### Task
Go through each line of the records below and count those with the word "green"; give only the total.

### Data records
'''

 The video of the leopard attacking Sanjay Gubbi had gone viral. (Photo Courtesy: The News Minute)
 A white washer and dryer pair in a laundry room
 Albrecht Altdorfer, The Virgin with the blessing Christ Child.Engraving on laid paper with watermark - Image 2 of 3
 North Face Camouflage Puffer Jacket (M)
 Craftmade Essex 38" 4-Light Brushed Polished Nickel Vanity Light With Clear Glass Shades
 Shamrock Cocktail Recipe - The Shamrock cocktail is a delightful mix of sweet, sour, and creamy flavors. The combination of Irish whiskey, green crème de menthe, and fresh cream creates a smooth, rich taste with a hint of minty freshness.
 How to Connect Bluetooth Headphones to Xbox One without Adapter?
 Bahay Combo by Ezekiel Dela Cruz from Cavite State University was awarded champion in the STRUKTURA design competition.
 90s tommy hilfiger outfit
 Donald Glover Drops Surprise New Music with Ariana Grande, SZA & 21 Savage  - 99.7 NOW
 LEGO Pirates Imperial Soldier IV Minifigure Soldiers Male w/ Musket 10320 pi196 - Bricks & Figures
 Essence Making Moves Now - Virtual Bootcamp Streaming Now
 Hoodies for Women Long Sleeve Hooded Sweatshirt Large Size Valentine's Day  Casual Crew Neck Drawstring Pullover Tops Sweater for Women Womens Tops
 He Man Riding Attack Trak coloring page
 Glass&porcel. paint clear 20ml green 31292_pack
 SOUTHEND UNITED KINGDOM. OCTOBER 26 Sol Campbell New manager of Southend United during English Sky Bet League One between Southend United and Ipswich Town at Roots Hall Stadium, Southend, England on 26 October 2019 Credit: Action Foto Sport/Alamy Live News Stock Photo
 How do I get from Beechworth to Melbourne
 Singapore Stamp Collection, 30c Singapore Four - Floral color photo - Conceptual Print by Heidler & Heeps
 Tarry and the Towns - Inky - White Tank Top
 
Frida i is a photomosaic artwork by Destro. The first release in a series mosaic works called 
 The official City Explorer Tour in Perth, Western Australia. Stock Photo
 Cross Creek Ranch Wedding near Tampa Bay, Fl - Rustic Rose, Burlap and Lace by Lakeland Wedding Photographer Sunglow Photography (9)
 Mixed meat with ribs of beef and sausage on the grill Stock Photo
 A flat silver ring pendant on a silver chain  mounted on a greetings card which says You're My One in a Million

'''

### Result of this exercise
2